• Problem:
From the data below, return only the lines from the one with "View of entry" through the one with "BOYS SIZE XLARGE", exact and inclusive, with pictures left out.

• Data under study:
__________________________________________________

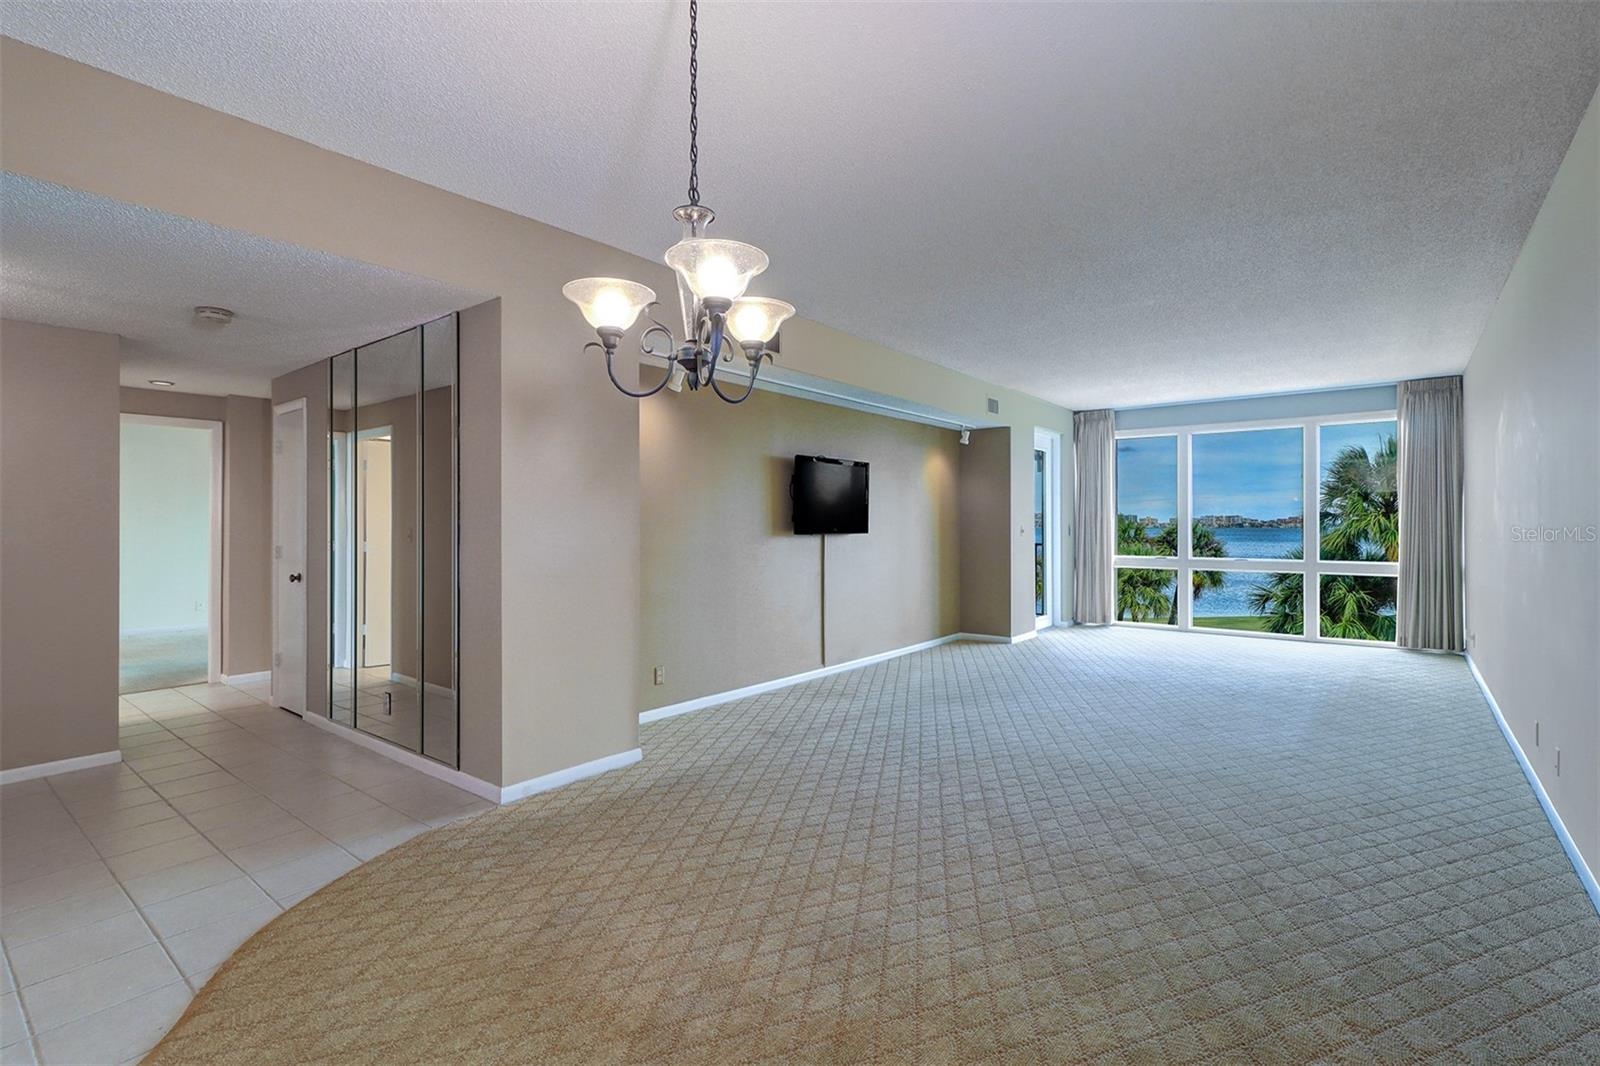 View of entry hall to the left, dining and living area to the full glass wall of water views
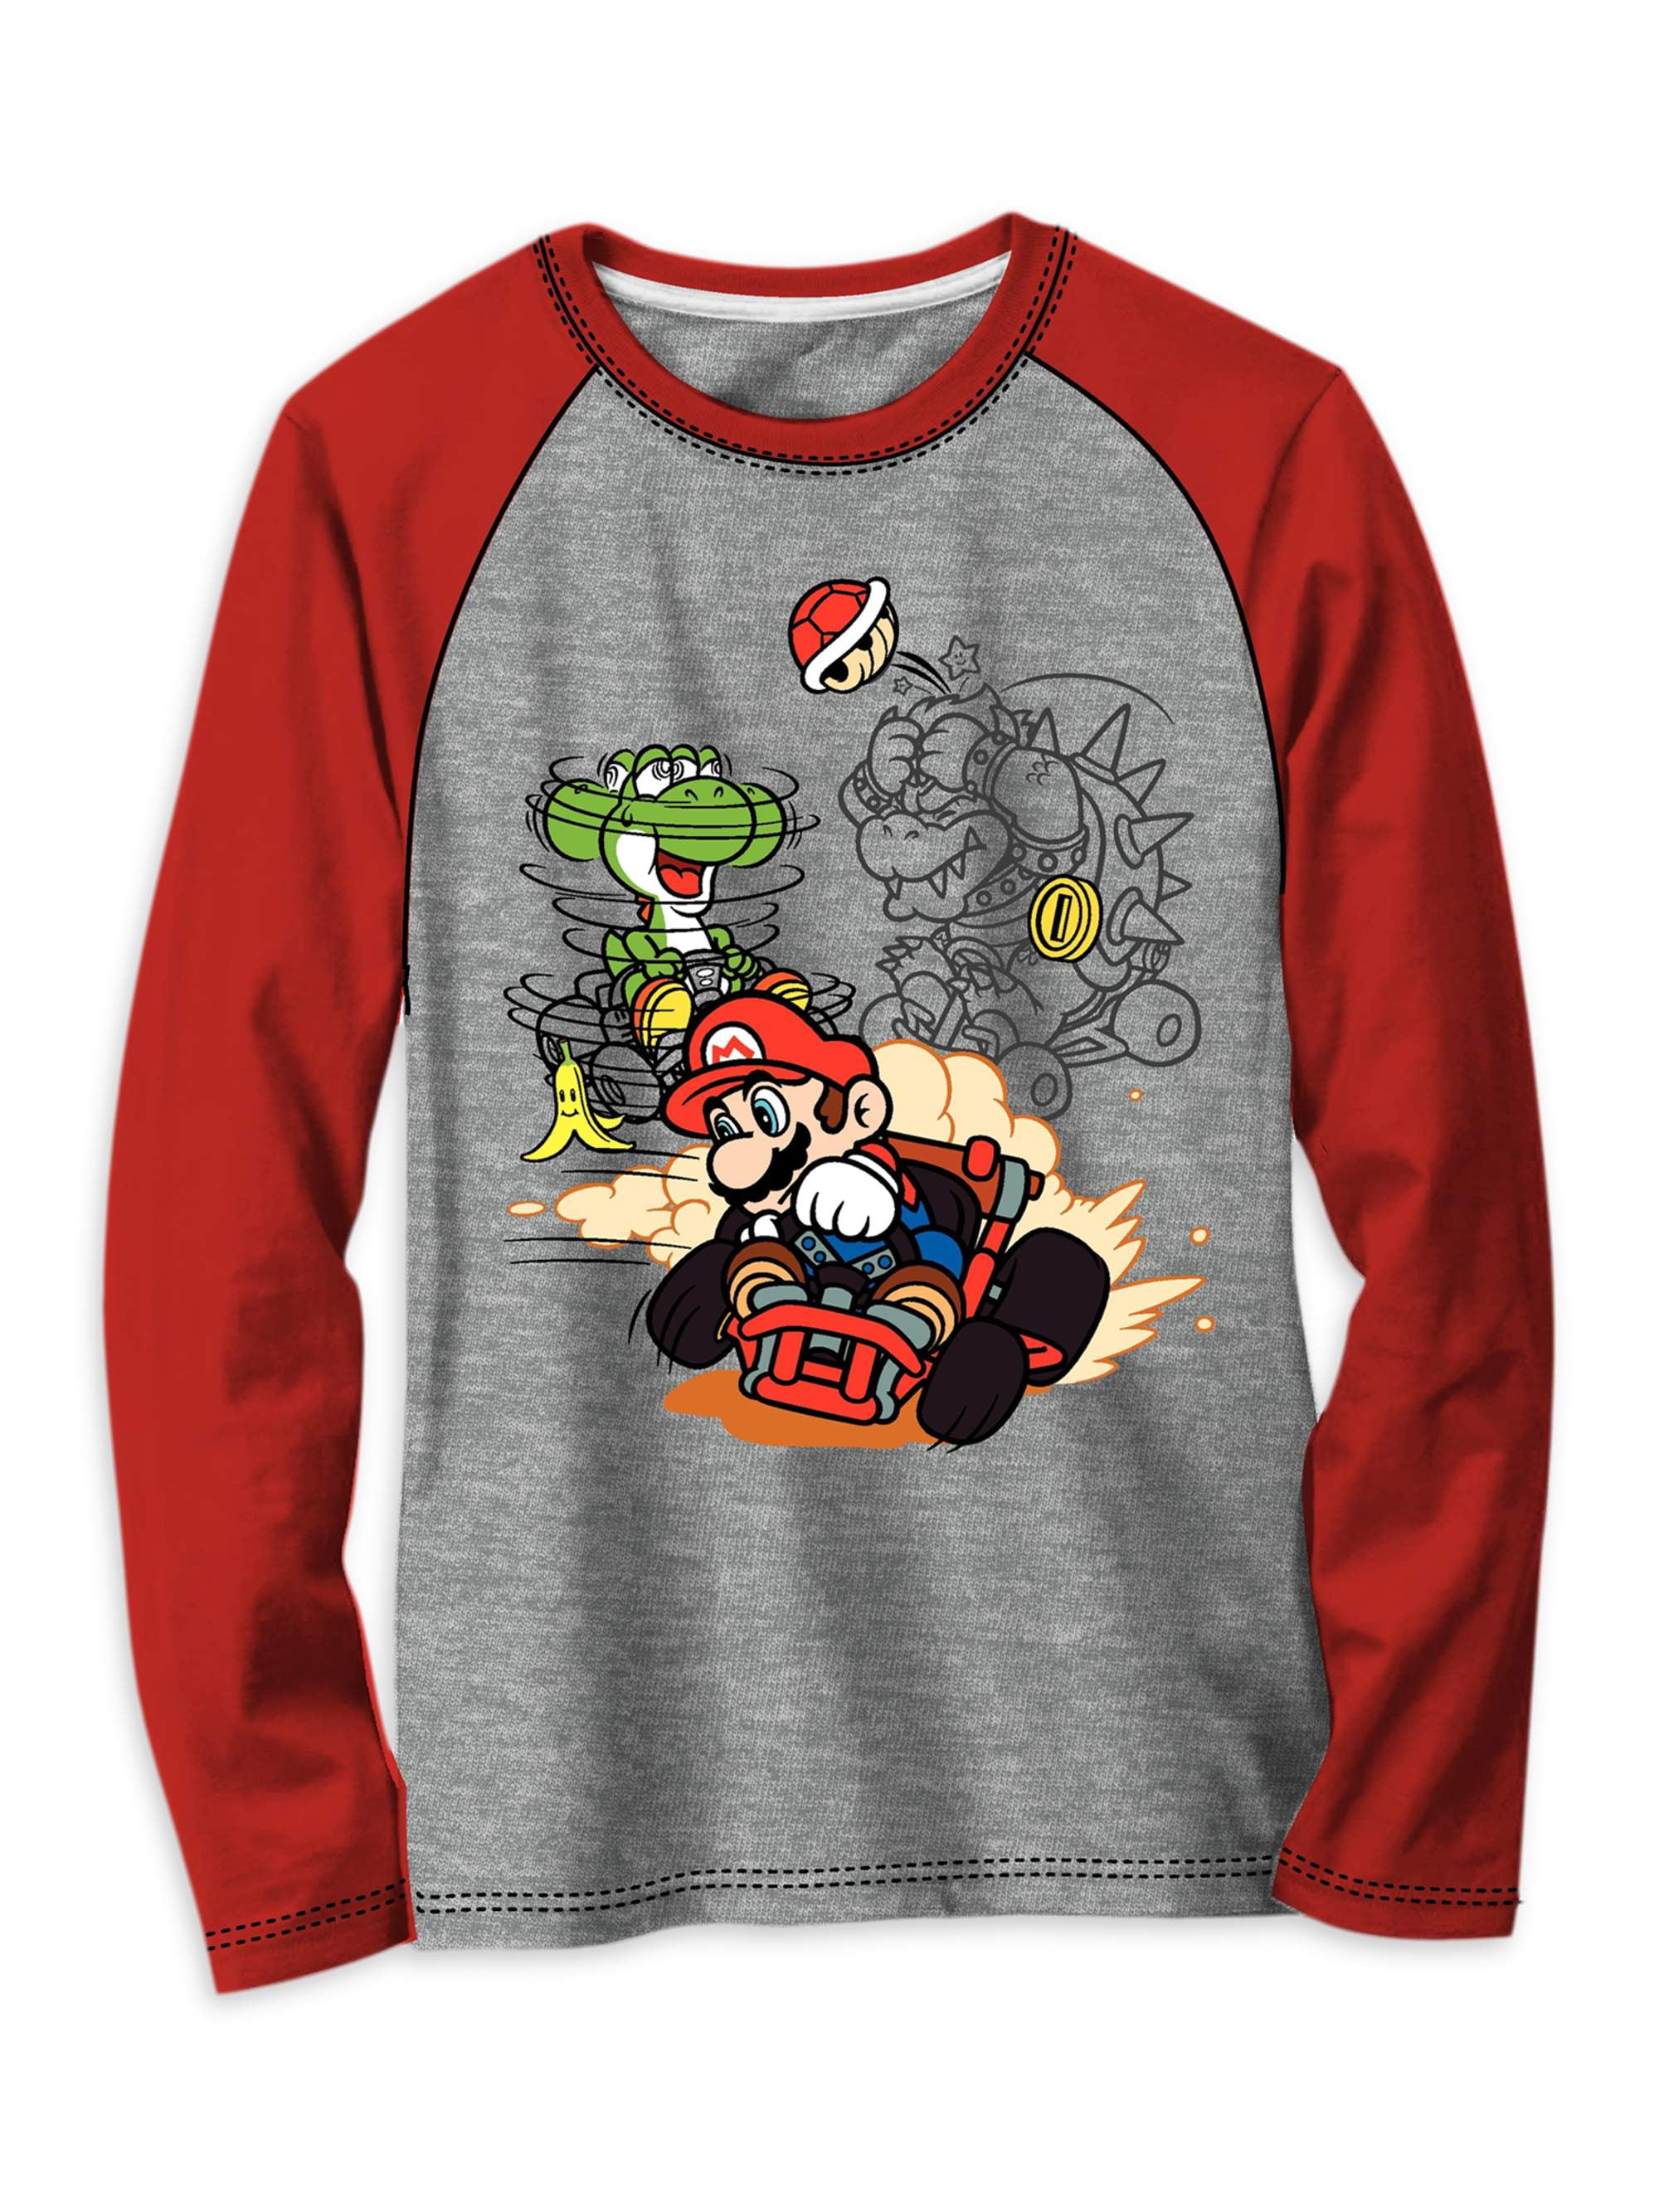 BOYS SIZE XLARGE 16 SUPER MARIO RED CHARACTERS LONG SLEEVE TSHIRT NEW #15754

__________________________________________________

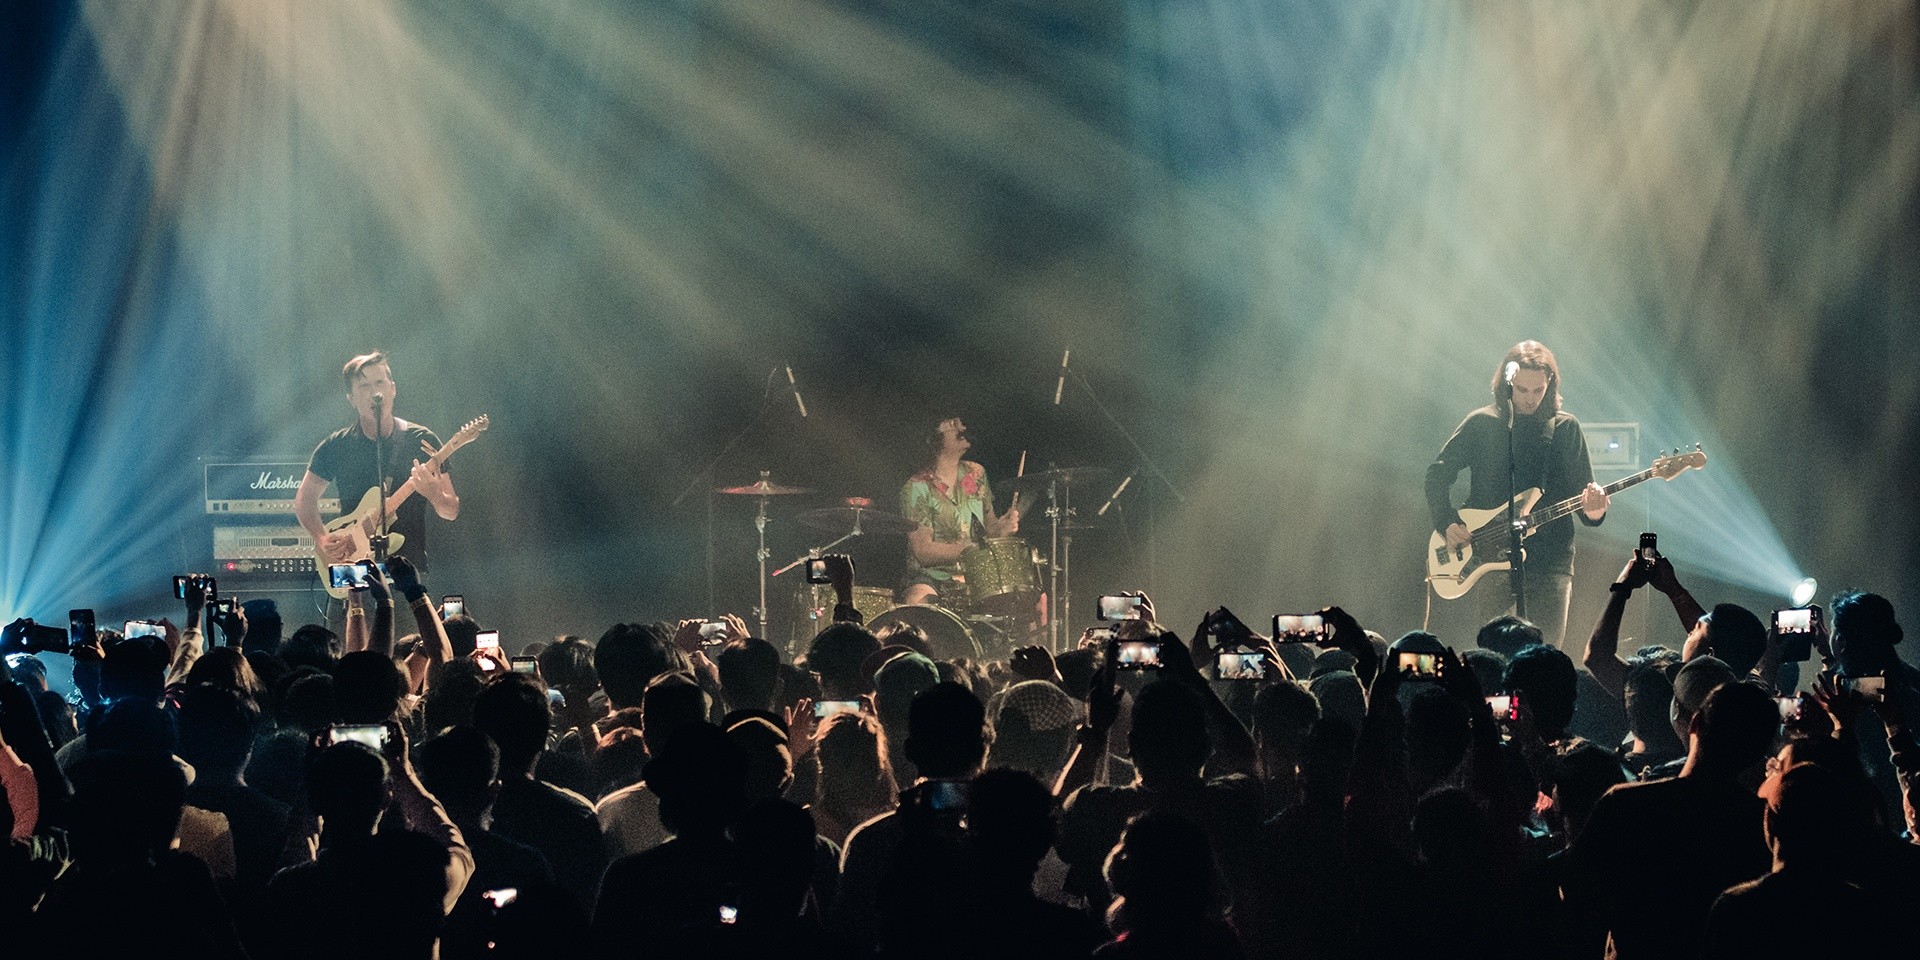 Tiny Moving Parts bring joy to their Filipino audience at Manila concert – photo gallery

__________________________________________________

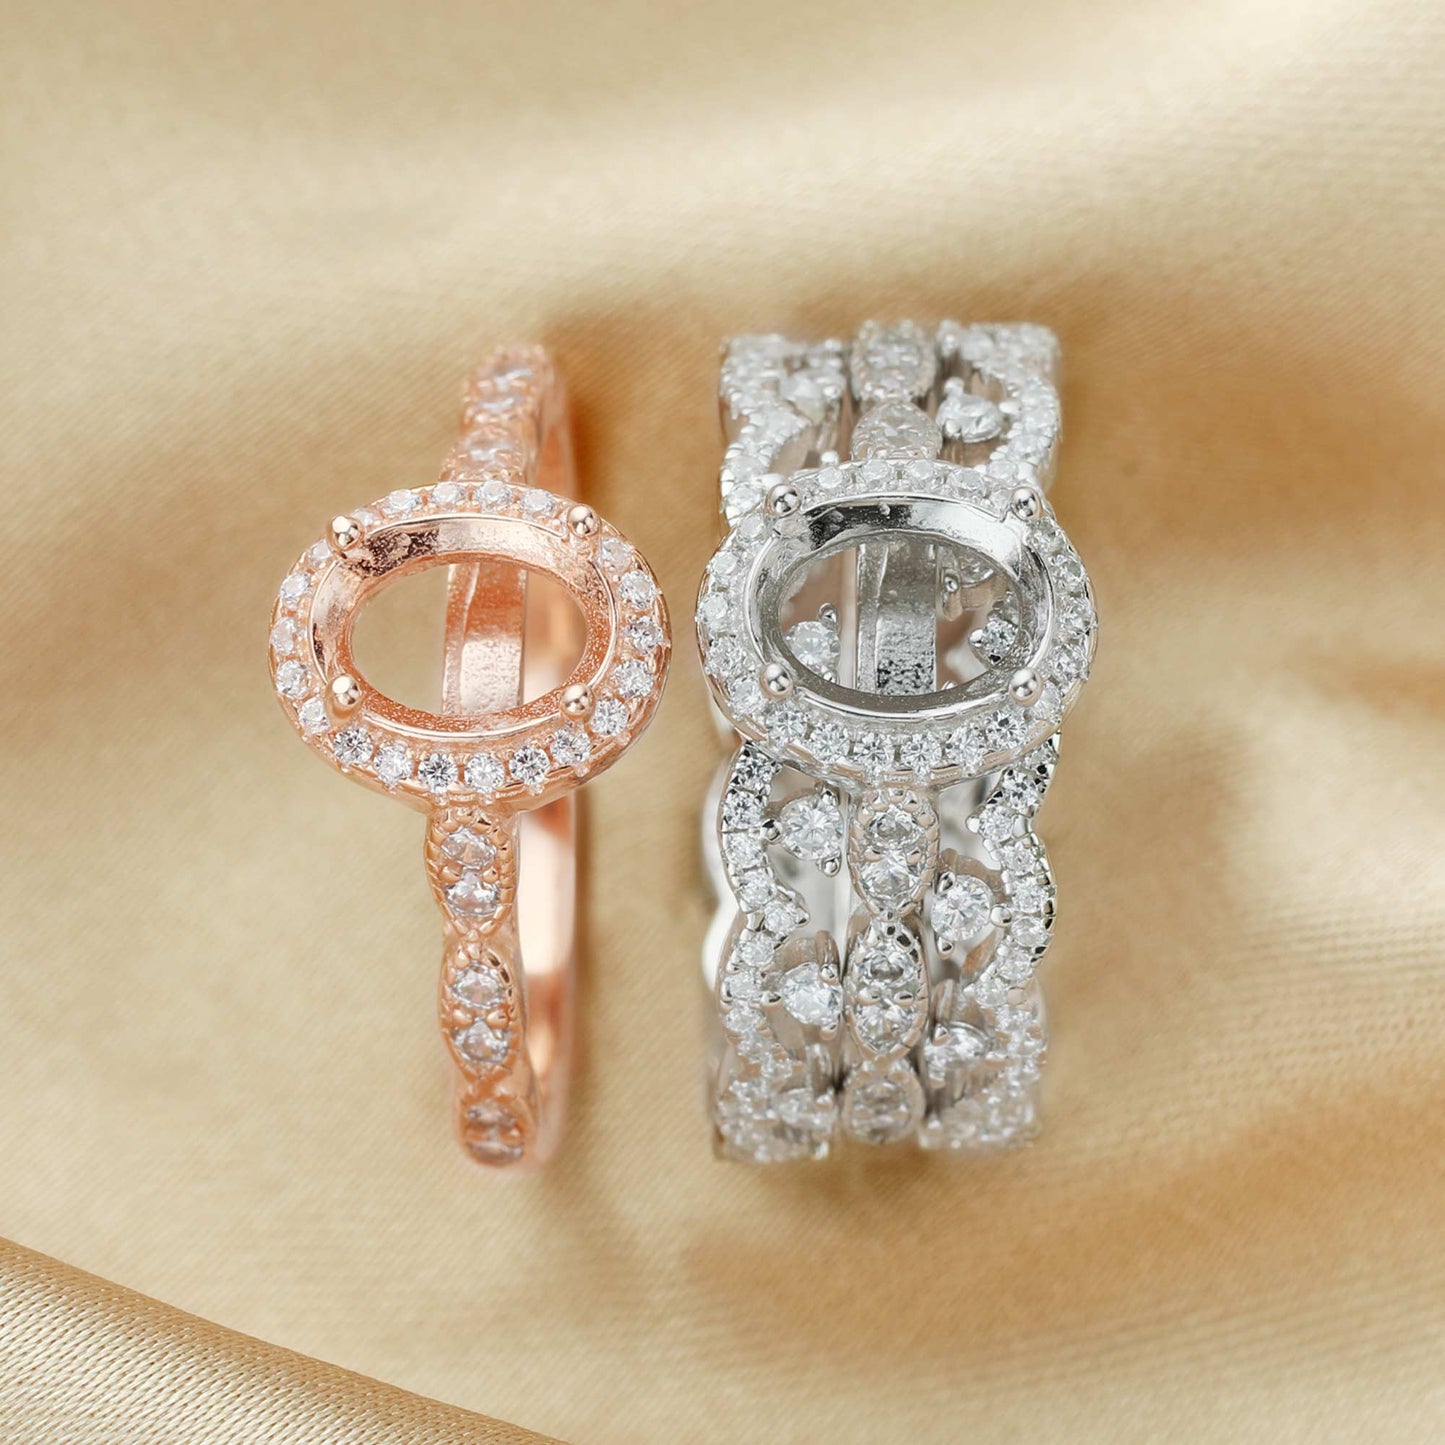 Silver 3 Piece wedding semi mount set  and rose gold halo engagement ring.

__________________________________________________

• Solution to this task:
 View of entry hall to the left, dining and living area to the full glass wall of water views
 BOYS SIZE XLARGE 16 SUPER MARIO RED CHARACTERS LONG SLEEVE TSHIRT NEW #15754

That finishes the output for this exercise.